In April 2012, the Jumpstart Our Business Startups Act of 2012, or the JOBS Act was enacted. Section 107 of the JOBS Act provides that an "emerging growth company" may take advantage of the extended transition period provided in Section 7(a)(2)(B) of the Securities Act for complying with new or revised accounting standards. Therefore, an emerging growth company can delay the adoption of certain accounting standards until those standards would otherwise apply to private companies. We have elected to avail ourselves of this extended transition period and, as a result, we may adopt new or revised accounting standards on the relevant dates on which adoption of such standards is required for non-public companies instead of the dates required for other public companies. However, we may early adopt these standards.

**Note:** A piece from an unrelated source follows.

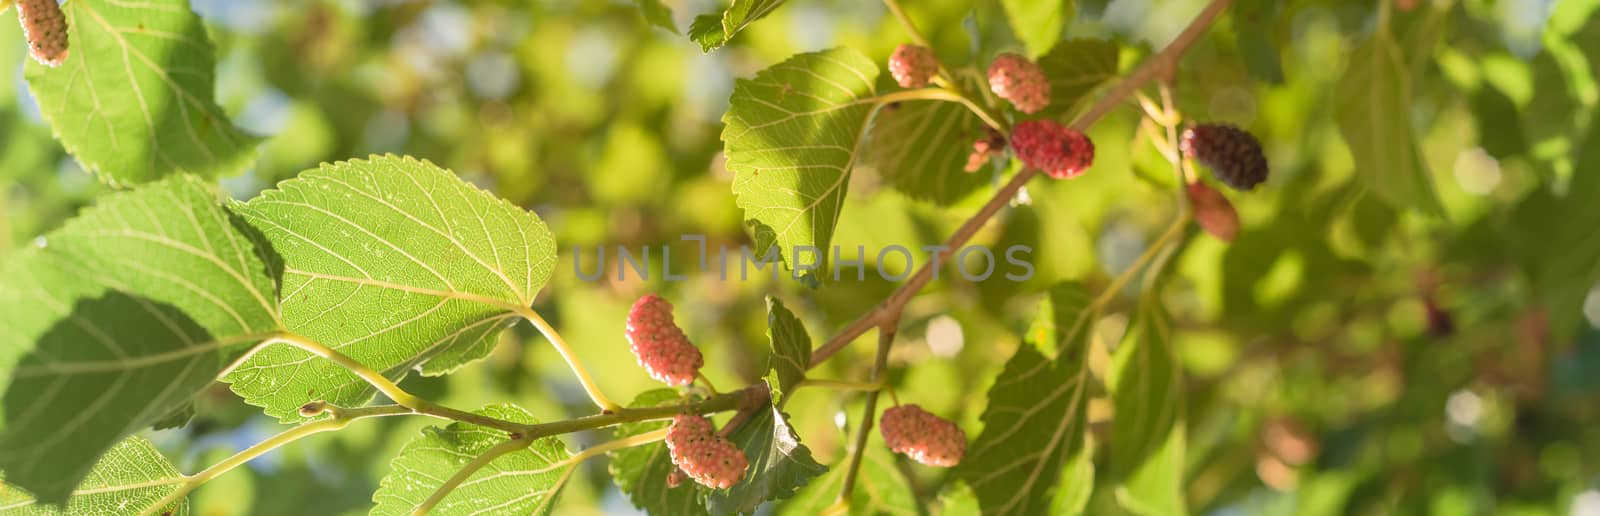 Panoramic ripe mulberry fruits on tree ready to harvest in Texas, USA by trongnguyen
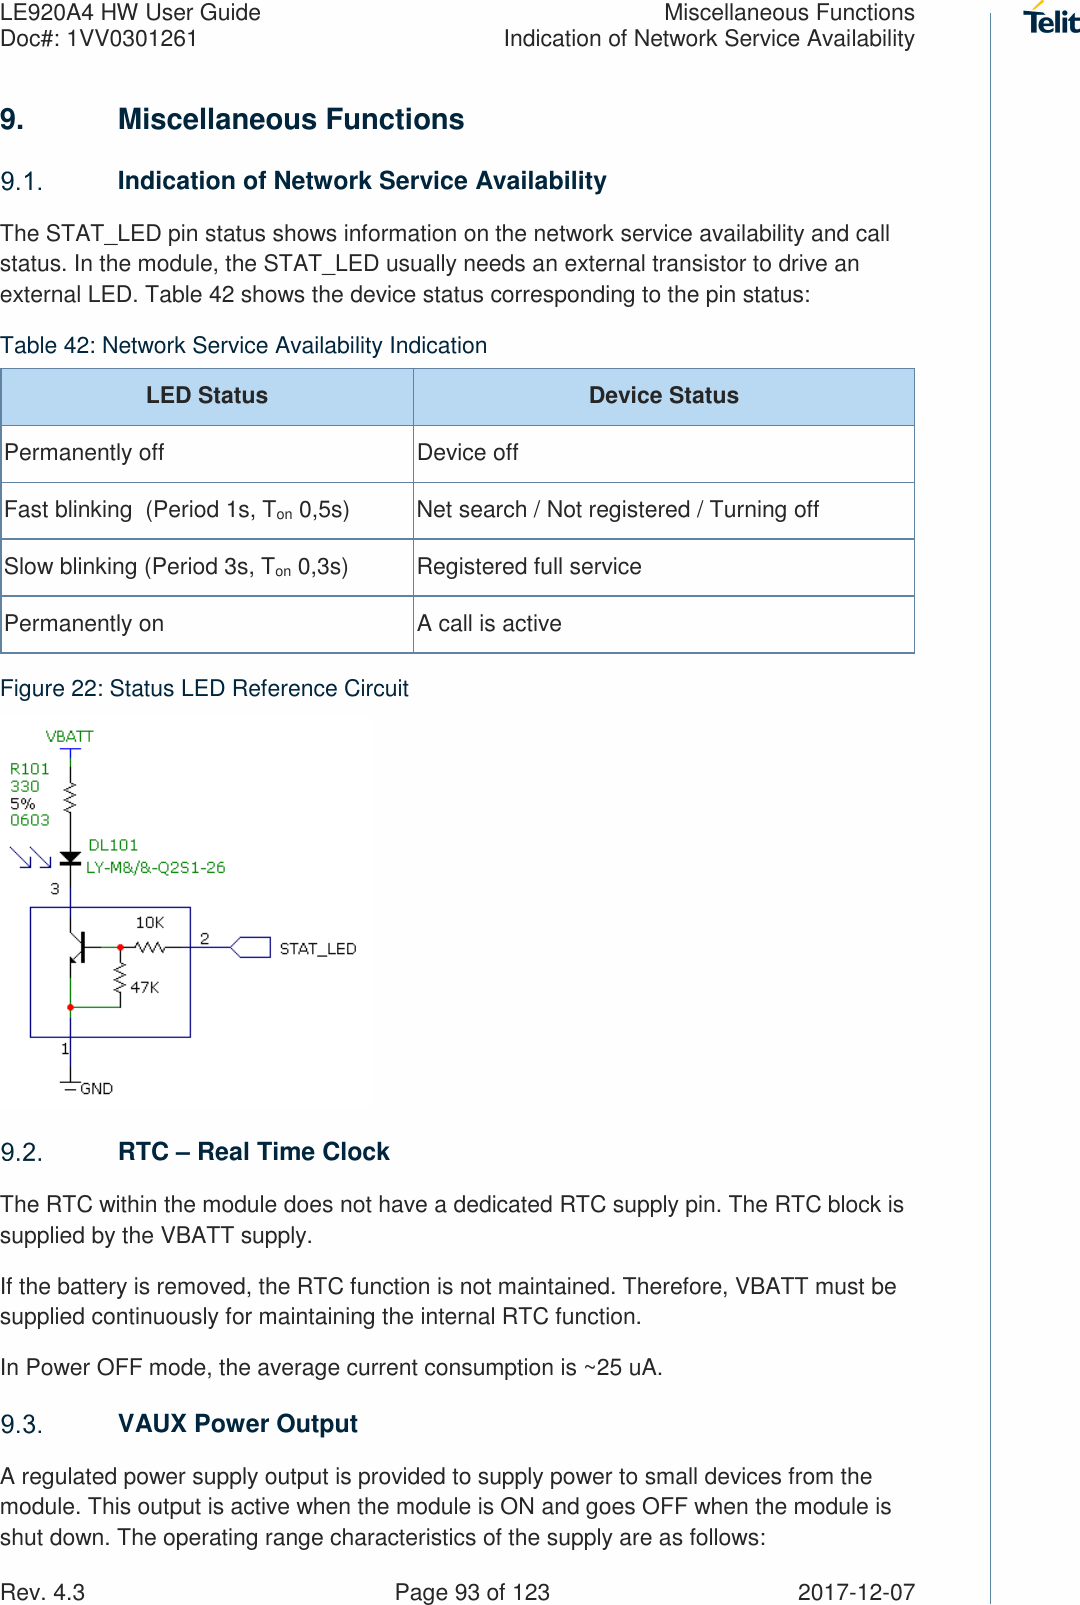 LE920A4 HW User Guide  Miscellaneous Functions Doc#: 1VV0301261  Indication of Network Service Availability Rev. 4.3    Page 93 of 123  2017-12-07 9.  Miscellaneous Functions  Indication of Network Service Availability The STAT_LED pin status shows information on the network service availability and call status. In the module, the STAT_LED usually needs an external transistor to drive an external LED. Table 42 shows the device status corresponding to the pin status: Table 42: Network Service Availability Indication LED Status  Device Status Permanently off  Device off Fast blinking  (Period 1s, Ton 0,5s)  Net search / Not registered / Turning off Slow blinking (Period 3s, Ton 0,3s)  Registered full service Permanently on  A call is active Figure 22: Status LED Reference Circuit    RTC – Real Time Clock The RTC within the module does not have a dedicated RTC supply pin. The RTC block is supplied by the VBATT supply. If the battery is removed, the RTC function is not maintained. Therefore, VBATT must be supplied continuously for maintaining the internal RTC function. In Power OFF mode, the average current consumption is ~25 uA.  VAUX Power Output A regulated power supply output is provided to supply power to small devices from the module. This output is active when the module is ON and goes OFF when the module is shut down. The operating range characteristics of the supply are as follows:

We will cease to be an emerging growth company on the date that is the earliest of (i) the last day of the fiscal year in which we have total annual gross revenues of $1.07 billion or more, (ii) the last day of our fiscal year following the fifth anniversary of the date of the closing of our IPO, (iii) the date on which we have issued more than $1.0 billion in nonconvertible debt during the previous three years or (iv) the date on which we are deemed to be a large, accelerated filer under the rules of the SEC.

We are also a "smaller reporting company," meaning that the market value of our stock held by non-affiliates plus the aggregate amount of gross proceeds to us as a result of our IPO is less than $700 million and our annual revenue was less than $100 million during the most recently completed fiscal year. We may continue to be a smaller reporting company after our IPO if either (i) the market value of our stock held by non-affiliates is less than $250 million or (ii) our annual revenue was less than $100 million during the most recently completed fiscal year and the market value of our stock held by non-affiliates is less than $700 million. If we are a smaller reporting company at the time we cease to be an emerging growth company, we may continue to rely on exemptions from certain disclosure requirements that are available to smaller reporting companies. Specifically, as a smaller reporting company we may choose to present only the two most recent fiscal years of audited financial statements in our Annual Report on Form 10-K and, similar to emerging growth companies, smaller reporting companies have reduced disclosure obligations regarding executive compensation.